How has the weather affected grazing?

We have enough grass and are in no panic to get rid of stock. The plan is to finish all lambs off grass and as our average farm cover is down, quality is up.

Paddocks have stopped going to seed and clover has been amazing. It seems to have enjoyed the conditions and exploded.

What happened after early-season poaching?

We lost about 5% production on one or two paddocks. But ground conditions have been pretty good since the second week of June.

We are grazing everything on a leader-follower basis now – sheep and lambs followed by cattle, mainly eating leaf. We are about to wean ewes. Those at condition score 3 and above go on to the hill.

This is 80ha (198 acres) effective grazing. Lean ewes stay on good grass and after four weeks we cull those that are still poor.

We set stock on the hill, so this removes pressure on the grazing platform. We are on a 30-day rotation and trying to clean out swards to 1,600kg DM/ha, so we get good-quality growth for autumn grazing.

We’ve cut about 20ha (49 acres) with the mower to reset residuals. This is more for annual weeds, such as thistles, but that’s normal for us.

Tell us about nutrient policy

We’re busy spreading lime at this time of year. We try to get 120t/year on after silage for maintenance; it works out at 0.3t/acre (0.75t/ha). We base it on soil test results and also like to put lime in front of a fodder crop.

Because we’re high up, water removes a lot of nutrients from our light, loamy soils over rock. Our target pH is 6.5. We always used to be firefighting and would see pH levels down to 5.5.

Since I bought my own lime spreader seven years ago, and stick to a regular maintenance schedule, it’s not gone below pH 5.9. We budget for lime every year.

We still haven’t used fertiliser on the grazing platform this year. It’s hard to quantify, but I reckon raising pH to 6.5 is worth an extra 1t DM/ha, which equates to 8t/year on our farm.

We’ll be putting phosphorus and potassium on silage ground soon, as soil testing showed indexes at 1.5.

Average farm cover in mid-August usually sits at 2,600kg DM/ha. I’ll put nitrogen on then if we are behind for grazing in the back end. We start to close up in the first week of October for March 2025 grazing.

How do you manage clover?

Growing and finishing cattle like it on red clover leys. Lambs are weaned at 105 days onto red clover aftermaths (50:50 grass to clover).

We hope to get 250-300g/day growth on these and should get them all finished by winter.

To avoid bloat, we don’t put empty lambs onto clover: they fill up on leafy grass leys till about tea-time, then graze the clover leys for 12 hours and we take them off again.

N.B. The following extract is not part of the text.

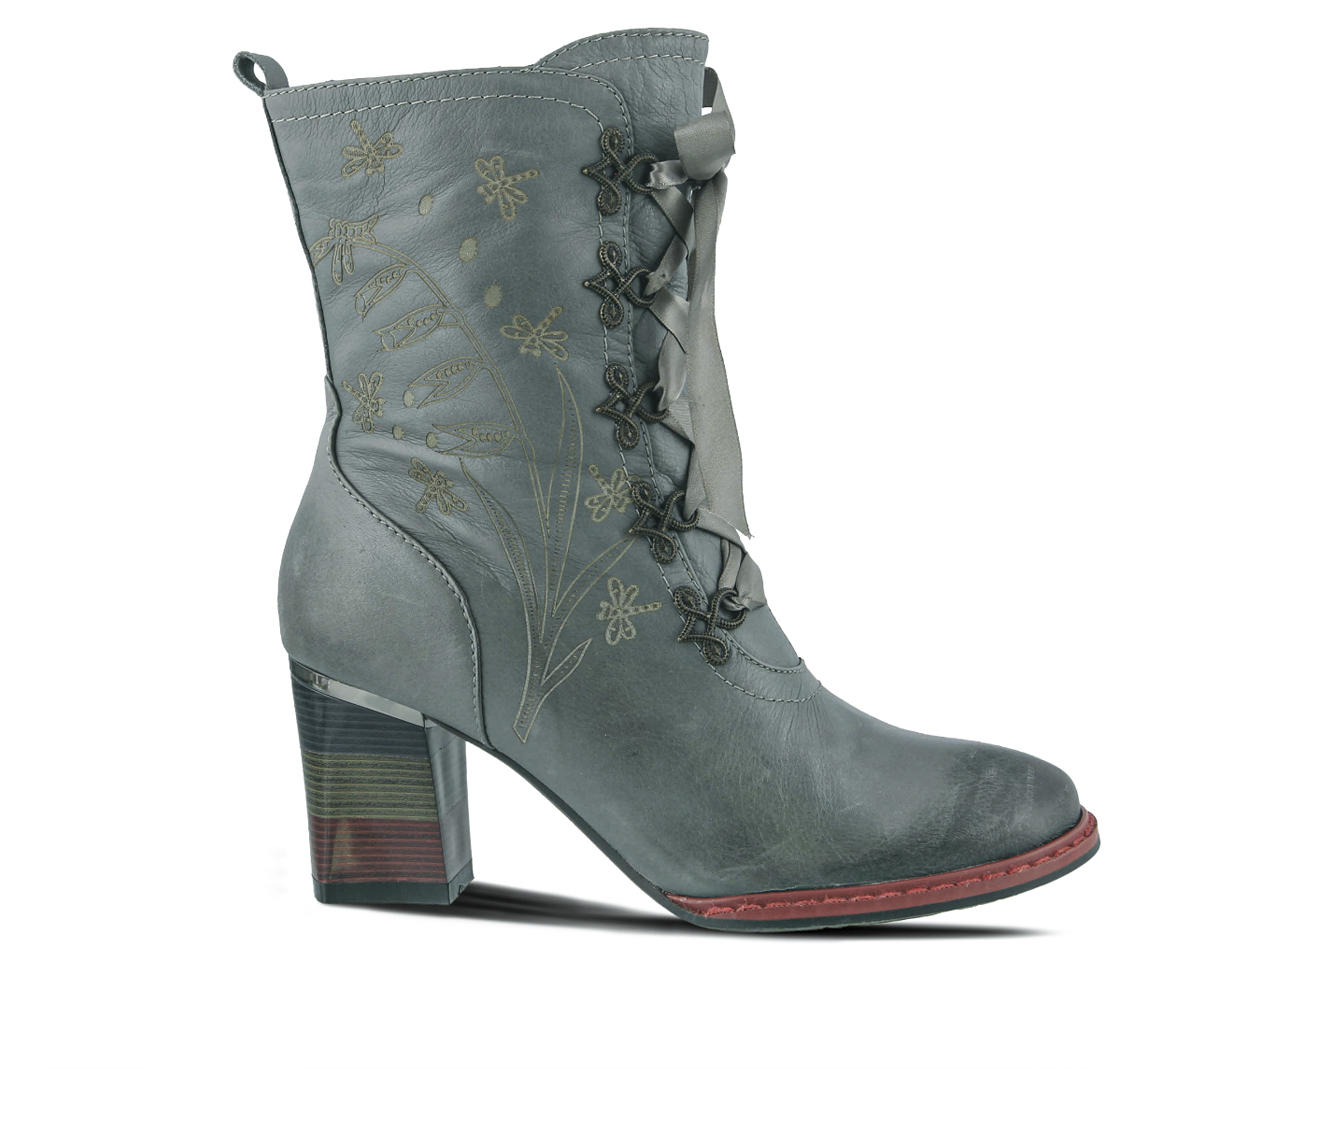 L'Artiste Juliette Women's Boots (Gray Leather)

Cattle can be trickier, though they only have 10% clover inclusion.

How are the swedes doing?

Our swedes have liked this cool, damp weather. We had to re-do 0.8ha (2 acres) out of the 8ha (20 acres) we drilled. It was wet when we sowed, then we got 70mm of rain on heavy land so the seeds rotted.

We have re-drilled with stubble neeps.

The rest of the field is light and rocky and so we have a reasonable crop. Cows will be on this for wintering. We start feeding it at the end of October when we wean calves.

Cows go onto a daily allocation plus about 20-30% of their diet as straw. We want fit cows going into winter and this is just enough for maintenance plus a bit, to get them to January.

What’s been your biggest challenge this summer?

It’s not been too challenging – things are pretty good!